Exercise requirements:
Pictures are to be dropped from the copy. Retype the listing exactly.

Data below:

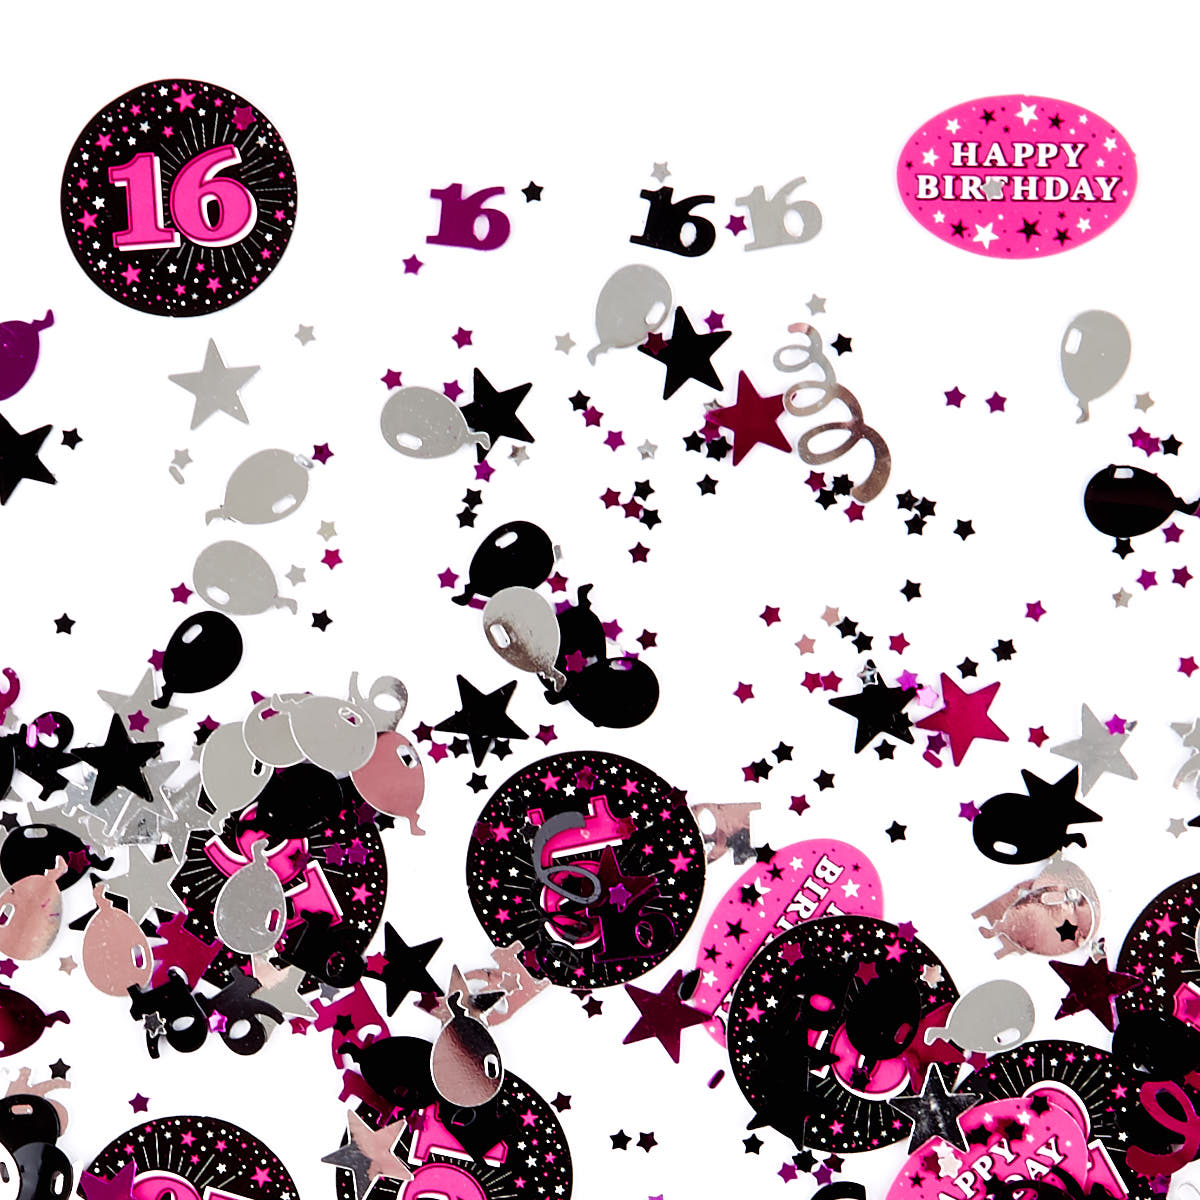 16th Birthday Pink Foiletti
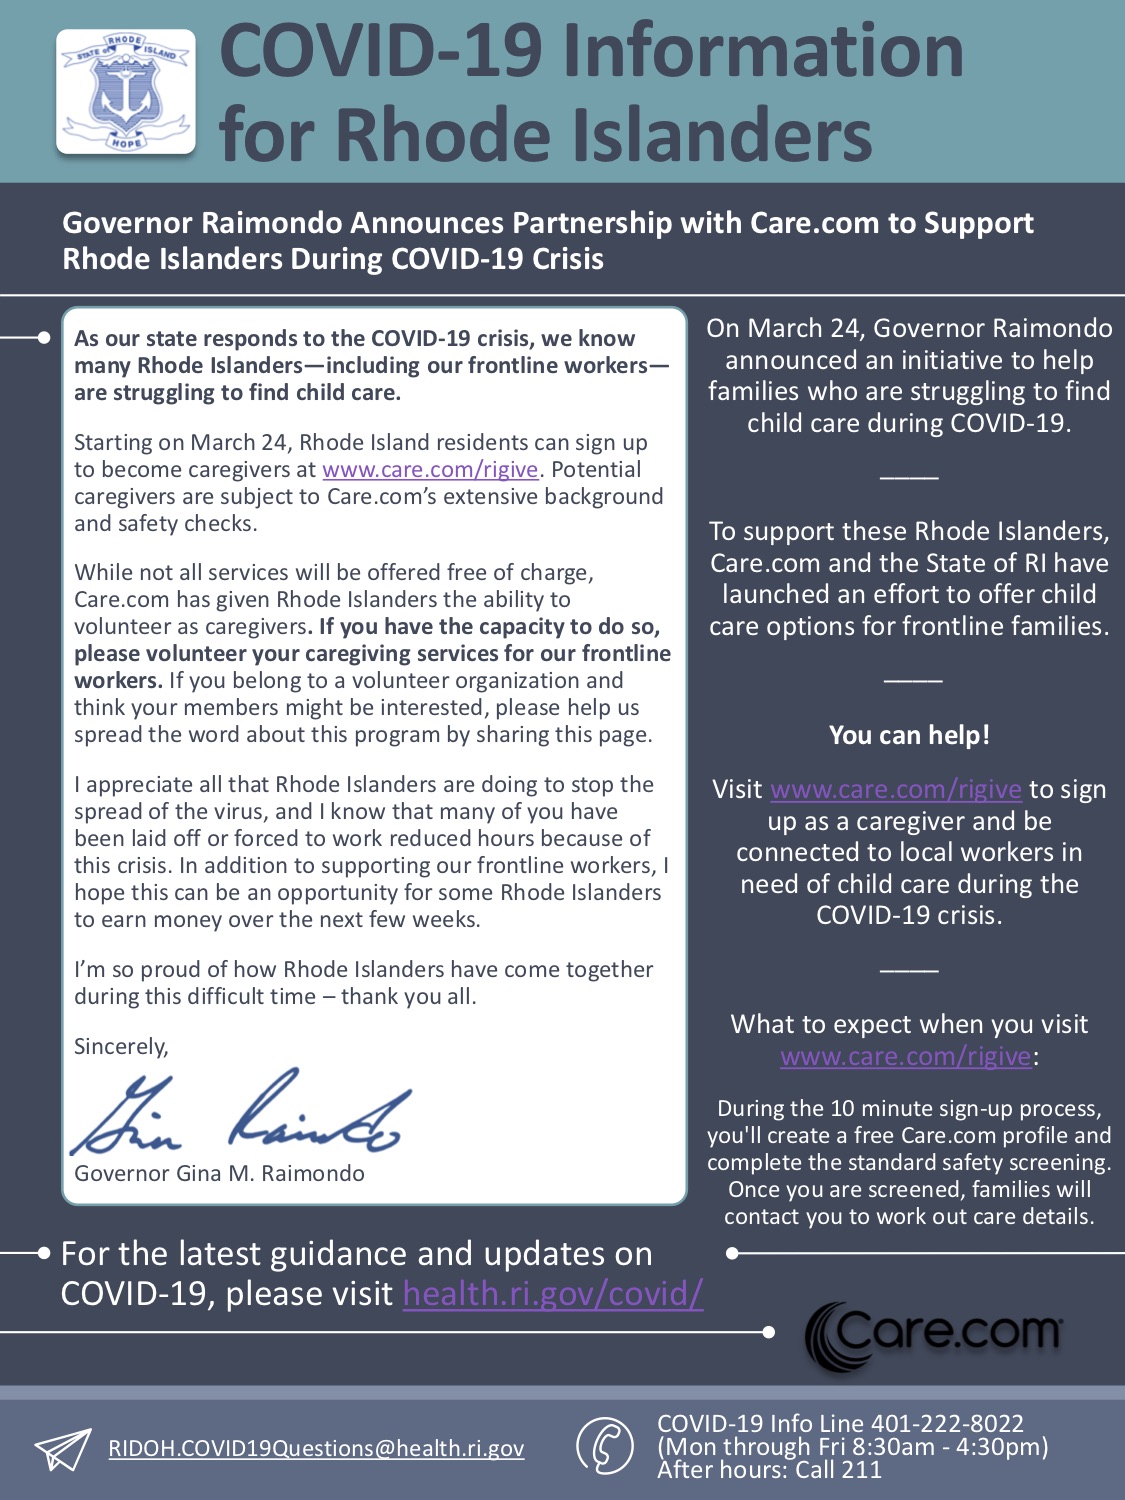 Governor Raimondo Announces Partnership with Care.com to Support Rhode Islanders During COVID-19 Crisis
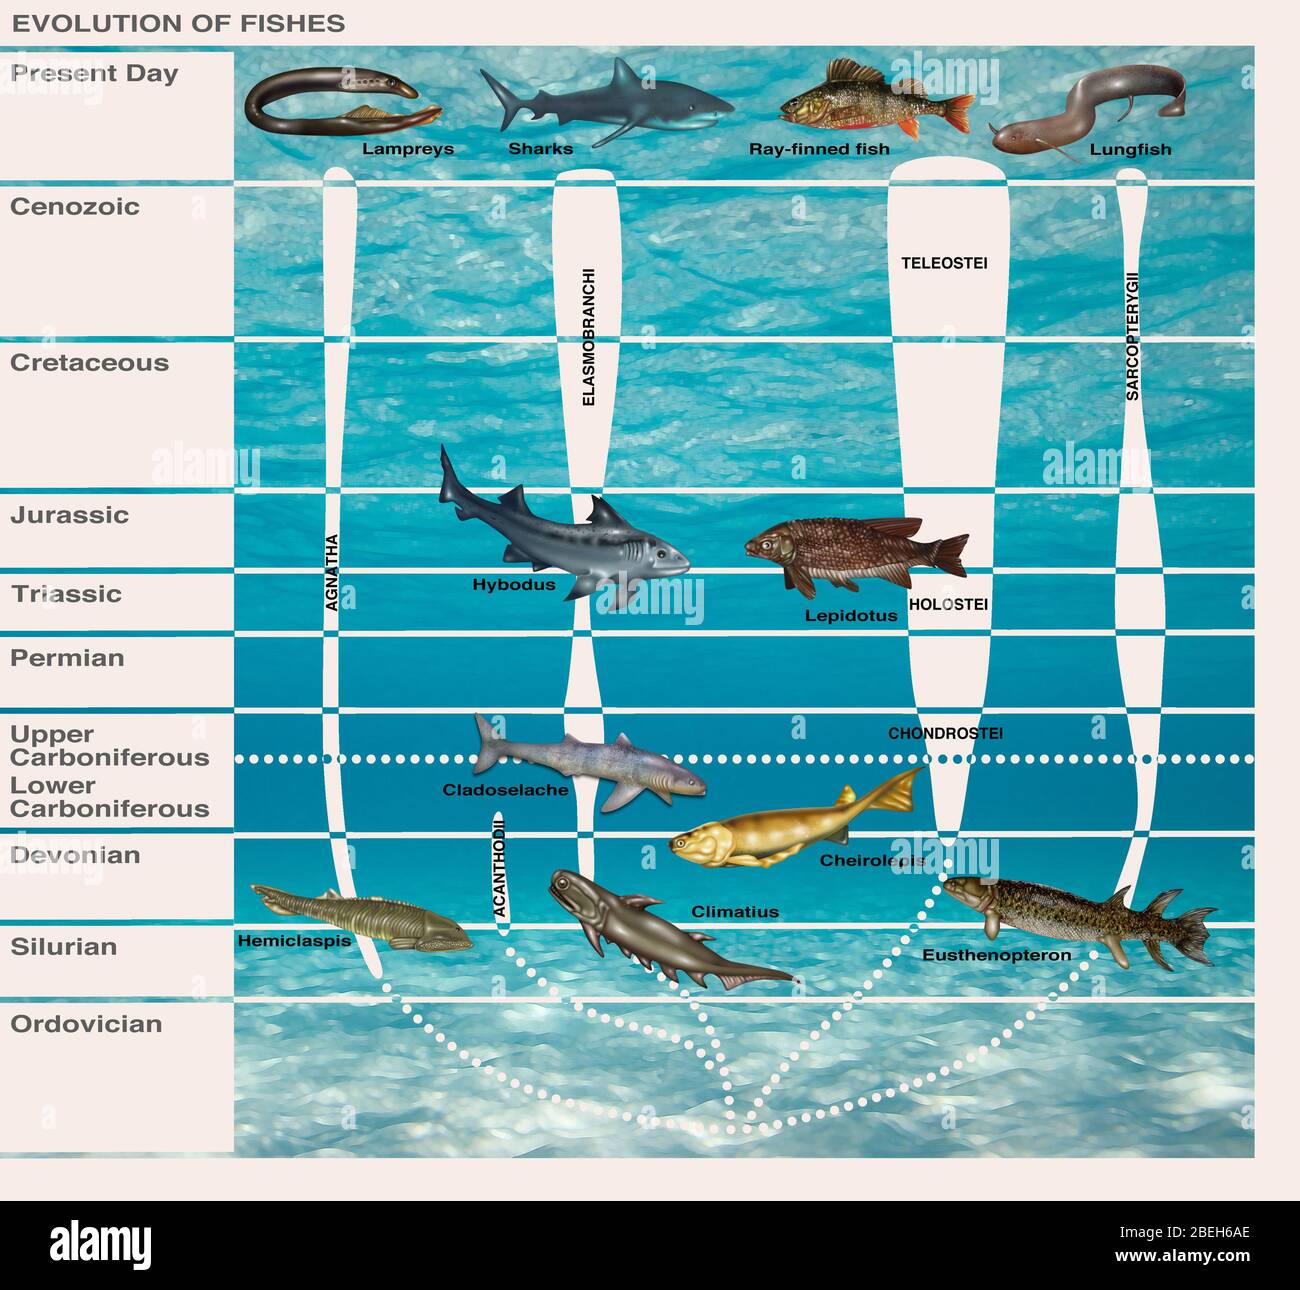 Evolution of Fishes, Illustration Stock Photo
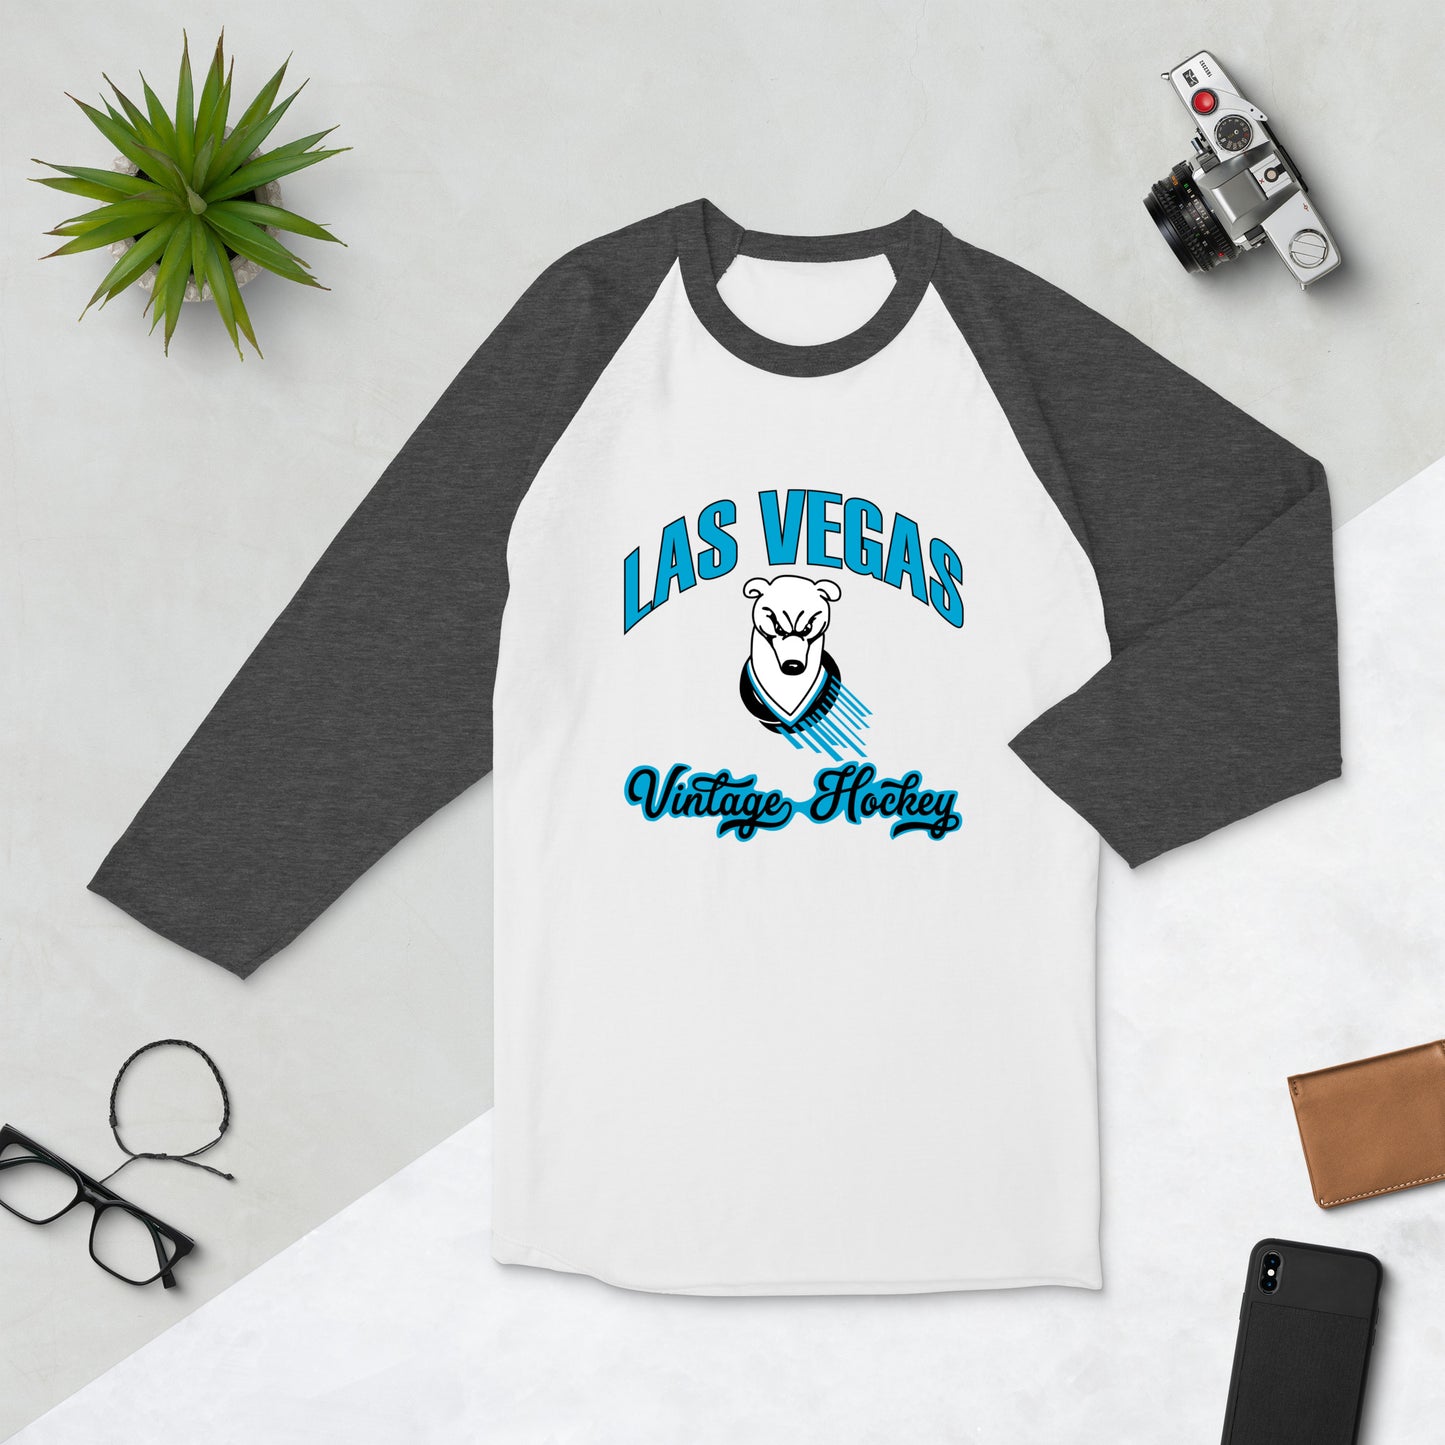 Las Vegas Las Vegas Vintage Hockey 3/4 Sleeve Raglan Shirt - White/Heather Charcoal

Exercise output:
 16th Birthday Pink Foiletti
 Governor Raimondo Announces Partnership with Care.com to Support Rhode Islanders During COVID-19 Crisis
 Evolution of Fishes, Illustration Stock Photo
 Las Vegas Las Vegas Vintage Hockey 3/4 Sleeve Raglan Shirt - White/Heather Charcoal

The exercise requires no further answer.